А что ночью — так, по всем каноническим слухам, задержанных нам полагается допрашивать именно по ночам. И если мой подопечный сочтет себя жертвой произвола власть предержащих, то он не слишком ошибется. Наверное, это было не слишком хорошо с моей стороны, но мне не терпелось начать работу. И пока я не овладею основами этого нового наречия, я, увы, не смогу оставить Борондира — или как его зовут на самом деле — в покое. Если, конечно, в его положении можно вообще оставаться в покое.
Я встал, открыл дверь и крикнул в коридор, подзывая стражника.
Ждать мне пришлось недолго. Мой подопечный, который так и не пожелал назваться по имени, что, впрочем, для меня было неважно, пришел заспанный и встревоженный. Однако быстро успокоился. Я придвинул к нему книгу.
— Читайте и переводите. Кстати, не будете ли так любезны преподать мне основы данного наречия? Как оно называется? Где в ходу? Кто это писал? Откуда происхождением сей документ? Что это за материал?
— Столько вопросов сразу, — усмехнулся он, протирая глаза. — Я отвечу вам. Охотно. На такие вопросы я охотно отвечу. Только дайте мне, пожалуйста, попить, а то говорить мне, видно, много сегодня придется.
Я подал ему вина. Придвинул блюдо с холодным мясом и хлебом. Он немного отпил, очень аккуратно поставил оловянный стакан, отодвинул блюдо и придвинул к себе фолиант. Бережно разгладил страницы. И начал читать.
Звучание чужого наречия было странно-чарующим. Красивый, звучный язык. Да и голос у Борондира был очень приятный.
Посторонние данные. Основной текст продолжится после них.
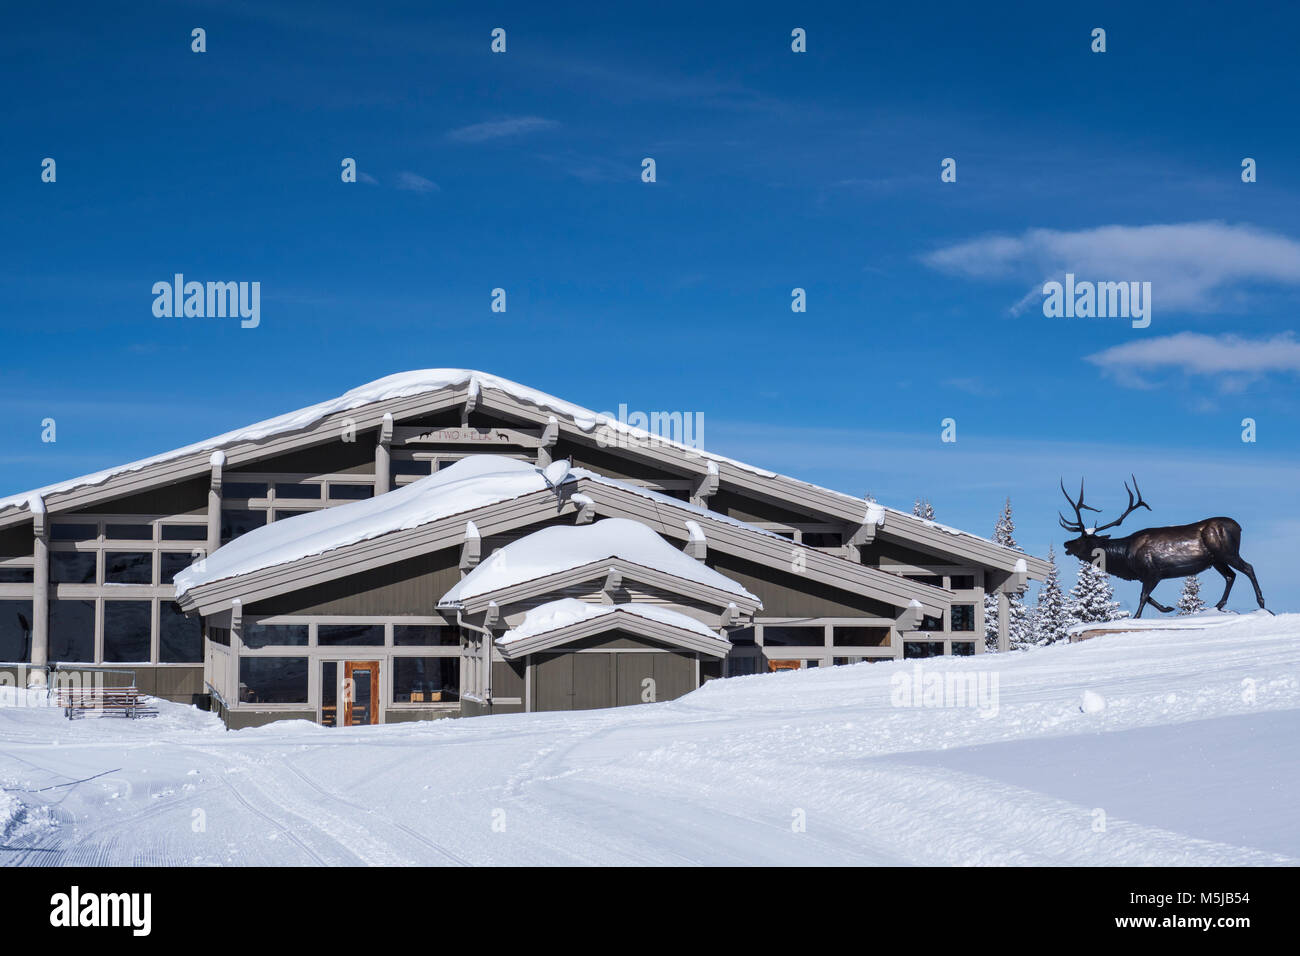 Due Elk giorno Lodge and Restaurant, inverno, Vail Ski Resort, Vail Colorado. Foto Stock

Такой голос легко слушать.
Он прочел несколько строк, помолчал. И начал переводить.
Я хотел спросить — почему вы сразу не переводите, зачем читаете сначала на этом — кстати, как он называется — языке? Но потом — потом я просто слушал.
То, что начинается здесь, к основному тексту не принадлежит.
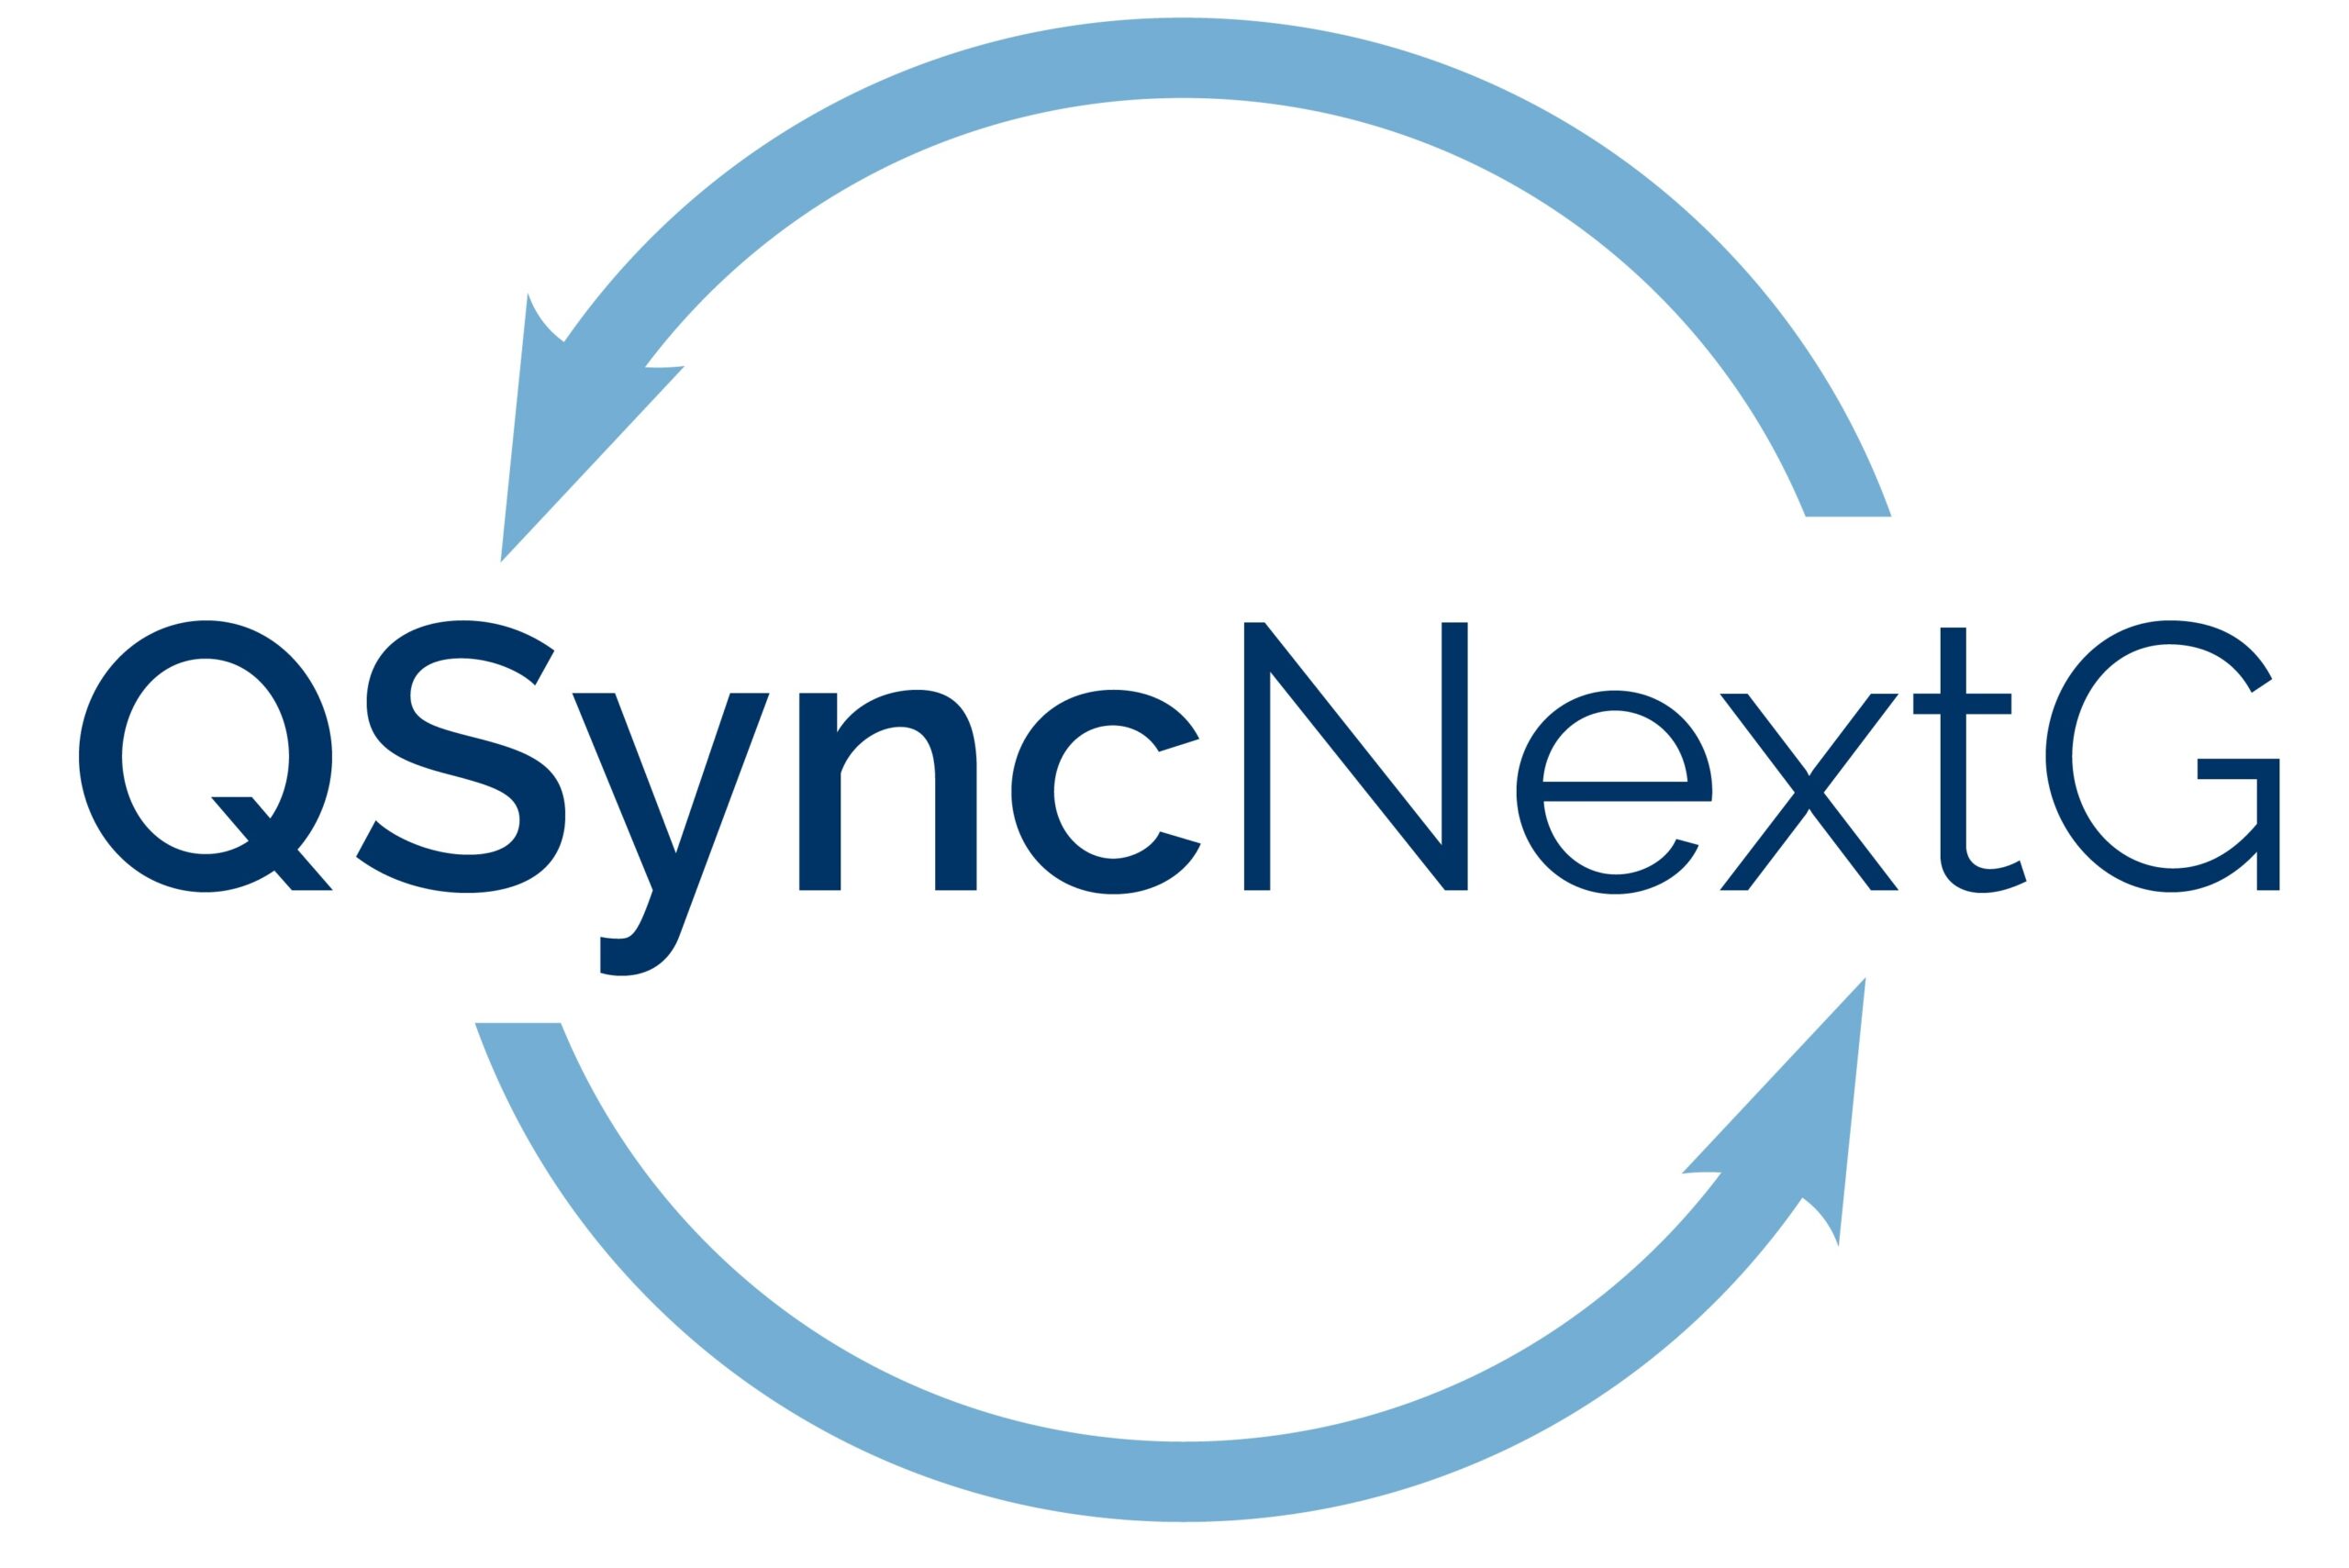 QSyncNextG logo

АЛЛО ЭРТ-ЛЛИЭН — РОЖДЕННЫЙ ПЕСНЕЙ
…Никто не знал, не знает и вряд ли когда-нибудь узнает, откуда пришел он, кто он и почему возжелал создать мир, покорный его воле, отгороженный от иных миров, что светились в черных глубинах Эа среди бесчисленных звезд.
И имя ему было — Эру.
Таков был Замысел: Мир будет новым, непохожим на другие. И будет этот мир правильным и неизменным, ибо так хочет Эру, ибо это нравится ему. И будет в мире все так, как он сказал, и все, что будет в мире, будет возносить хвалу Единому.
Тогда создал он в Эа замкнутую сферу, и была в ней Пустота, что должна была стать преградой, отделяющей мир от Эа. Но силу для творения пришлось черпать извне, и изначально в сферу не-Эа проникло ее бытие. Ибо если есть в Сущем замкнутое не-Сущее, то это не-Сущее обретает сущность хотя бы потому, что существует внутри Сущего…
— О! — встрял я. — Славное построение. Помню, мы как-то веселились — можно ли ничего не делать, если само «ничего не делать» есть ответ на вопрос «что делать». Стало быть, ничегонеделанье тоже есть дело. Вот и здесь вроде этого что-то. Школяры развлекались. А уж для них ничего не делать — самое любимое дело.
Он мрачно посмотрел на меня — прямо как школьный учитель на непоседливого ученика, и я замолк. Я не хотел его обижать, просто на ум пришло. Ну проснулся во мне школяр, так что же делать, извините. Я снова стал слушать, тем более что было весьма любопытно.